Are car dealerships a good investment? Warren Buffett thinks so, and that’s good enough for the market.
Buffett’s Berkshire Hathaway on Thursday agreed to buy the Van Tuyl Group, the fifth-largest auto dealership in America with $9 billion in sales. For Buffett, it expanded a transportation portfolio that already included planes (NetJets) and trains (the Burlington Northern Santa Fe Railway). Once the acquisition is completed, the dealership will be renamed Berkshire Hathaway Automotive.

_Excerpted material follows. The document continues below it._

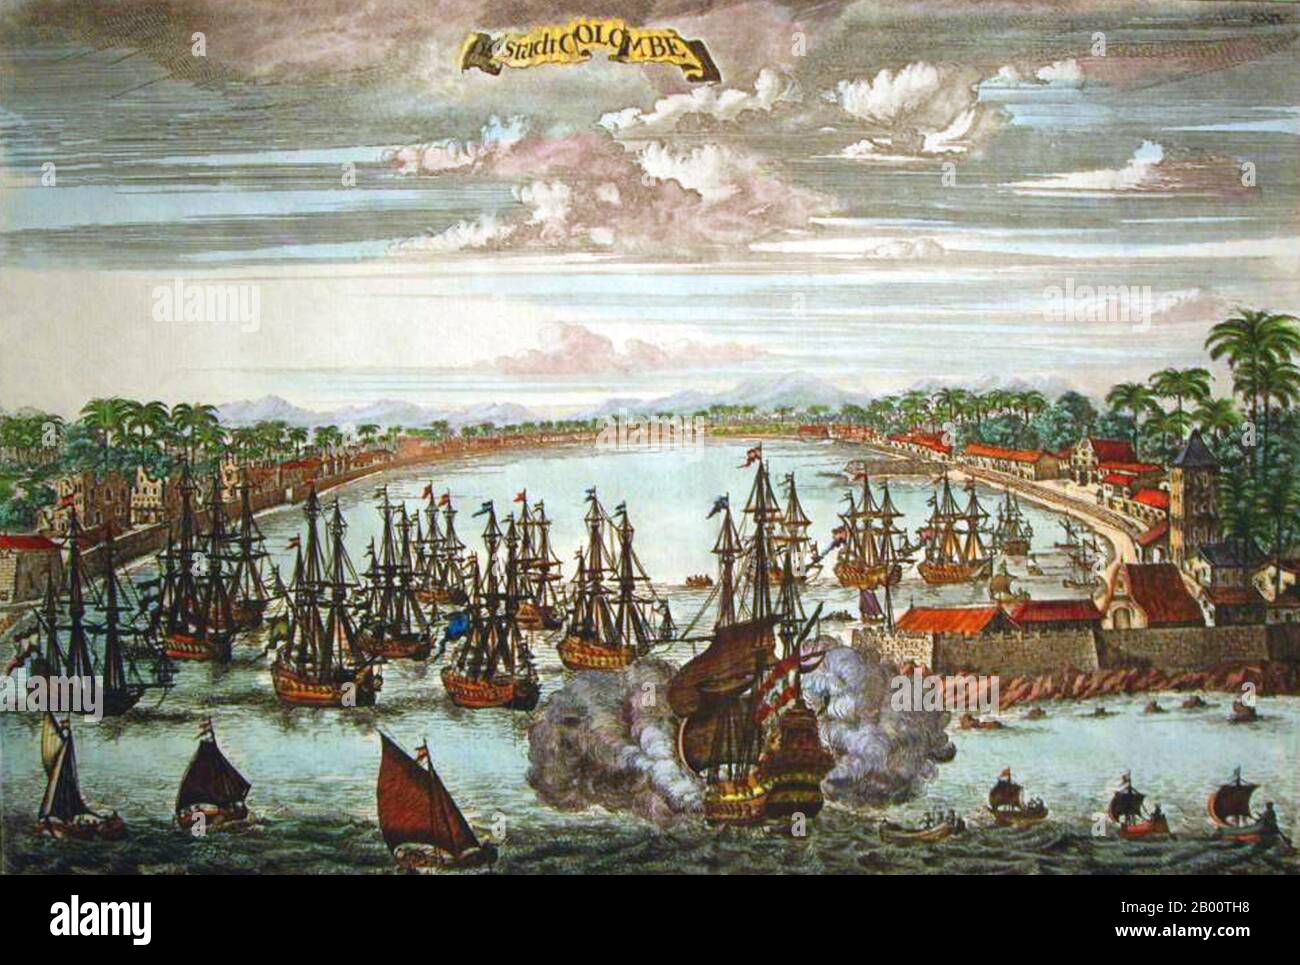 Sri Lanka: 'De Stadt Colombe (la ville de Colombo)'. Gravure en cuivre d'un livre hollandais, c. 1775, après une gravure originale de Johannes Kip (1652-1722), c. 1680. Le Sri Lanka a toujours été un important poste portuaire et commercial dans le monde ancien, et est de plus en plus fréquenté par des navires marchands du Moyen-Orient, de la Perse, de la Birmanie, de la Thaïlande, de la Malaisie, de l'Indonésie et d'autres parties de l'Asie du Sud-est. Les îles étaient connues des premiers explorateurs européens d'Asie du Sud et installées par de nombreux groupes de marchands arabes et malais. Banque D'Images

Since news of the sale broke, shares of auto retailers have traded up; when Warren Buffett buys a car dealership, everyone else gets on board. Shares of AutoNation and Penske Automotive Group, among others, spiked after the announcement. But over at BloombergView, auto-industry consultant Edward Niedermeyer is questioning the wisdom of the market’s quick reaction:
Perhaps the biggest reason to think twice before following the Oracle is that the U.S. auto market is returning to its traditionally sustainable sales peak of between 16 million and 17 million units per year. While auto sales have been one of the few bright spots in the retail sector during a slow economic recovery, there’s no reason to think that will last. Much of that growth is due to the expansion of auto credit, particularly through subprime lending and longer loan terms, so there may not be much juice left in the tank for further growth.
On the other hand, Buffett isn’t stopping his auto investments at that. “I fully expect we’ll buy a lot more auto dealerships over time,” he told CNBC. In the meantime, go ahead and make all the Planes, Trains and Automobiles jokes you’ve got.